A directly observed treatment, short-course provider is identified, and has undergone education about his/her role.

Community-based or outpatient TB and rehabilitative healthcare is organised and the child is linked with this

Rehabilitation can continue in the community, with physiotherapy, growth monitoring, assessment of adherence and symptoms if services are in place.

An outreach nurse or health worker visits the child in their home

Assessment of the environment and its suitability for the child in that phase of treatment and rehabilitation.

Assessment of what else the family needs in terms of social, nutritional and financial support.

There are a number of barriers to care for children with chronic complex healthcare needs, including access to services if they live in rural areas, lack of chronic disease programmes, perceived competition for hospital beds and the ethics of setting limits on escalation of care. However, the gains that can be made in health and quality of life if children are provided with holistic comprehensive care by hospitals within their community and the support this can be to their families are immense.

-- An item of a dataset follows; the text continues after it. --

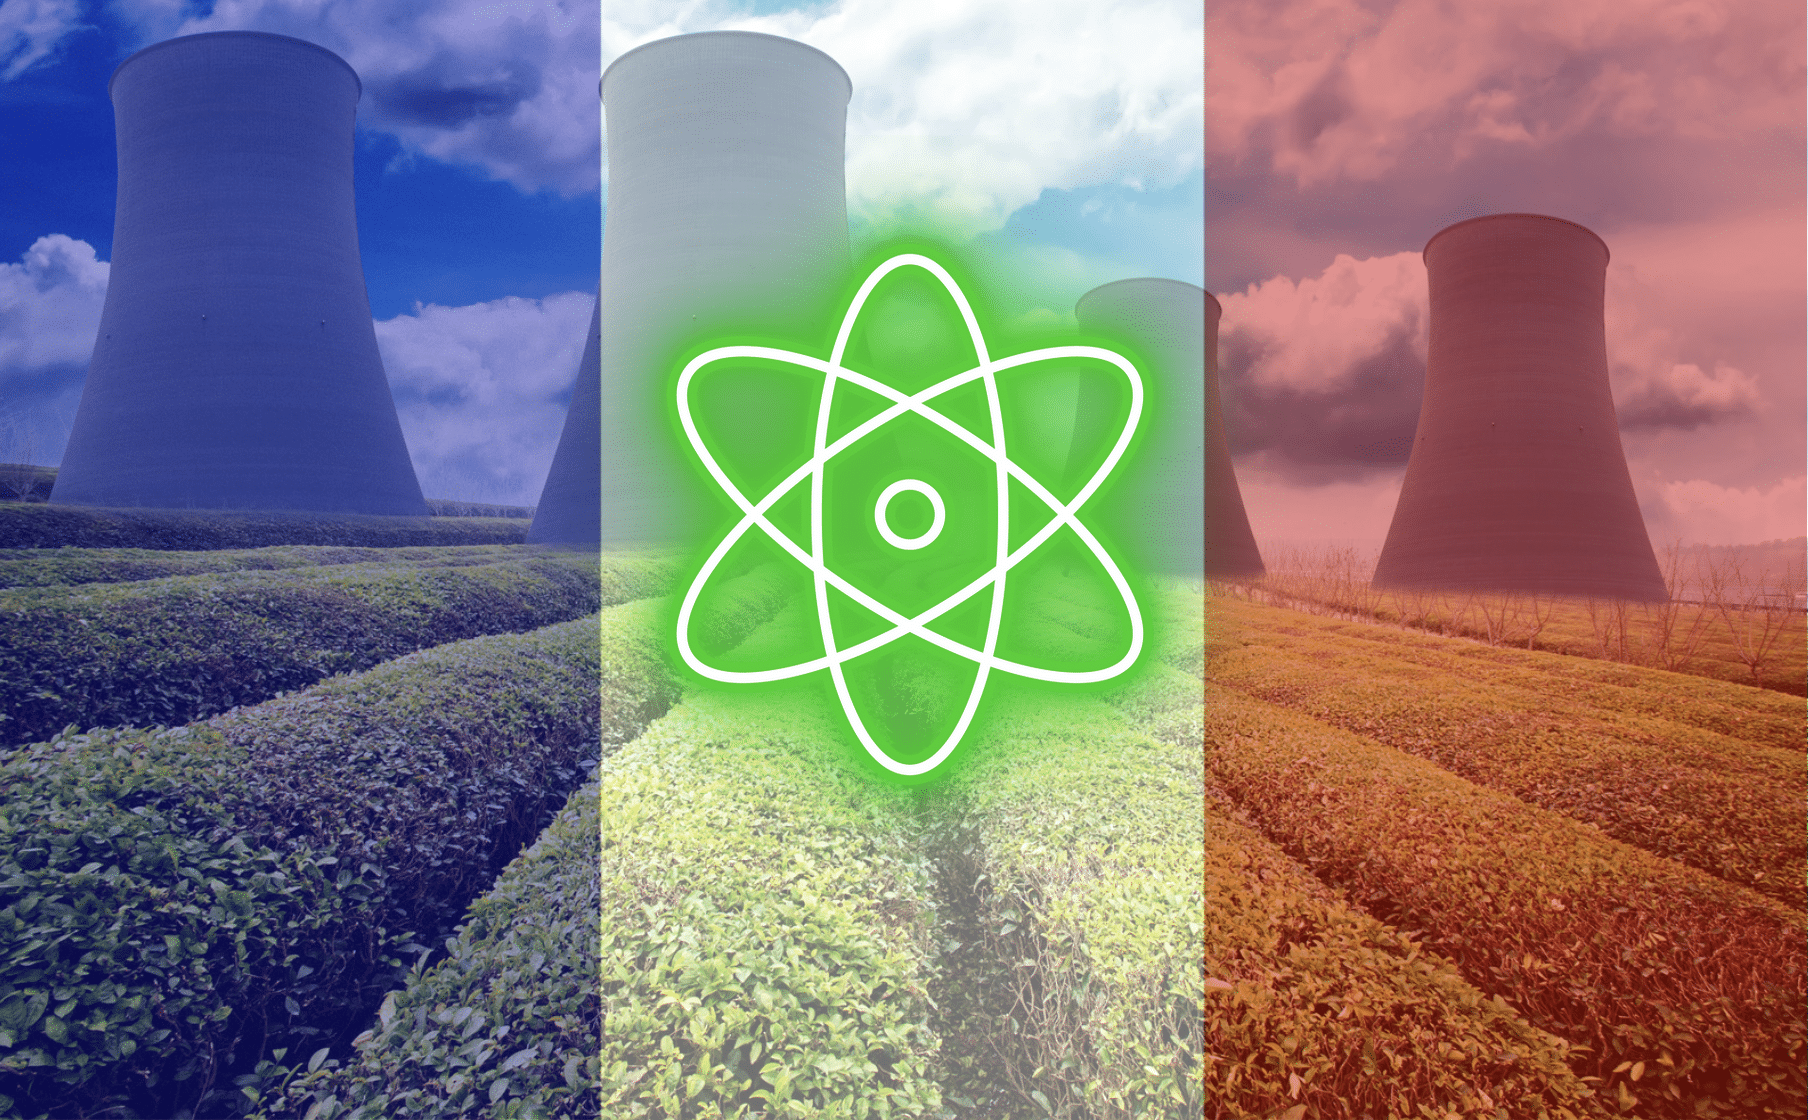 ADIMAS | Article L'indépendance nucléaire française menacée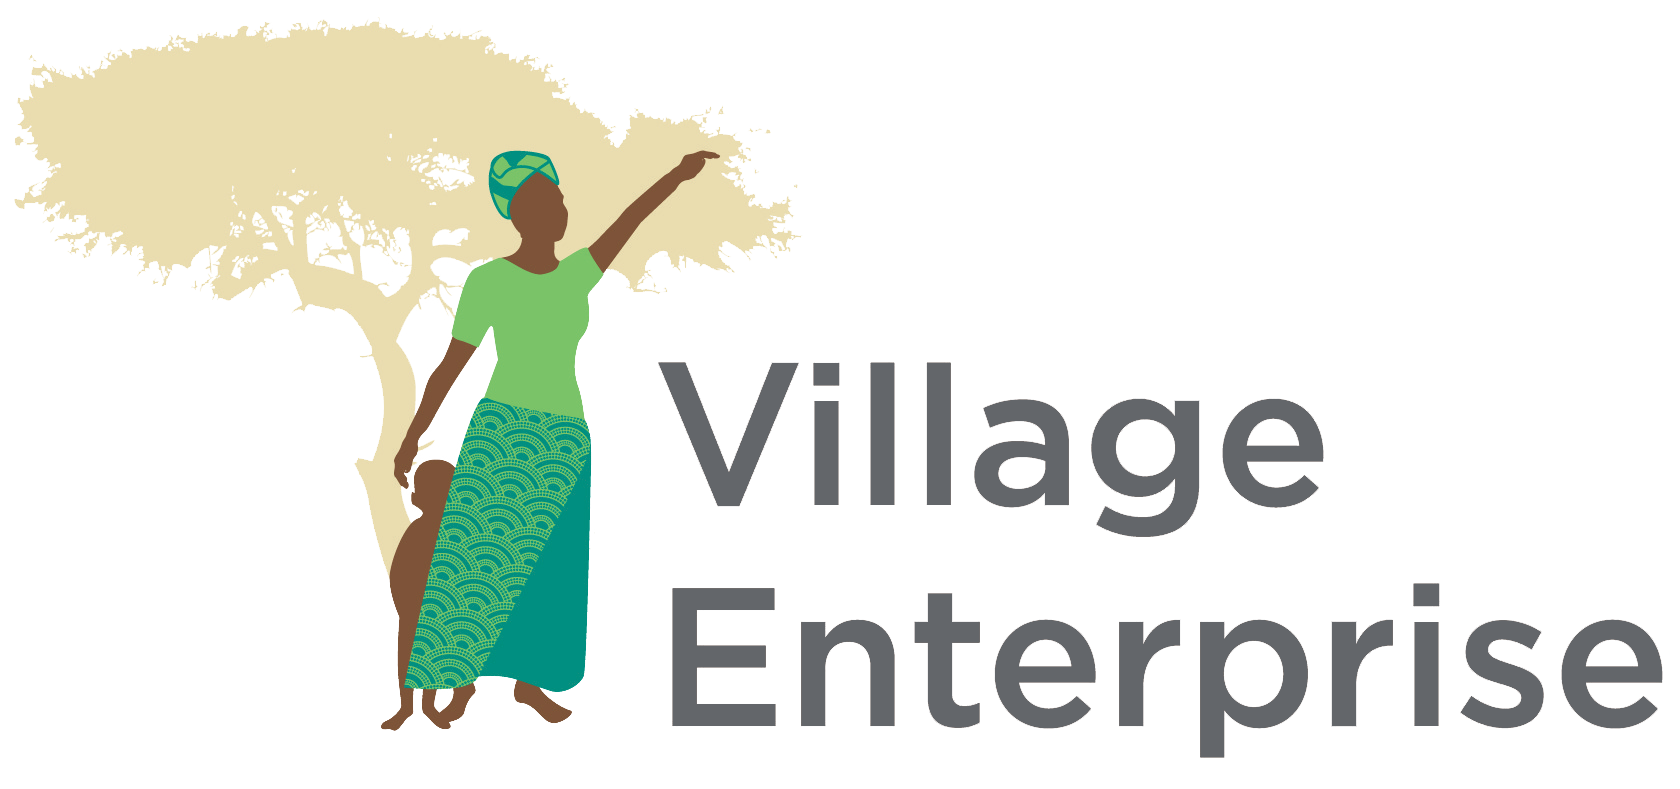 Village Enterprise Announced as Million Lives Club Vanguard Member

Watt33 speculated that addressing the inverse care law in deprived communities required a personal doctor, who knew his or her patients well, could see their problems in the family and community context and worked with patients over a long time to reverse risks and prevent complications. A personal doctor or child health nurse who takes responsibility for providing, coordinating and monitoring care is also needed for the best outcomes in complicated childhood TB and other chronic paediatric illnesses. In the era of the Sustainable Development Goals children with chronic conditions deserve this, wherever they live.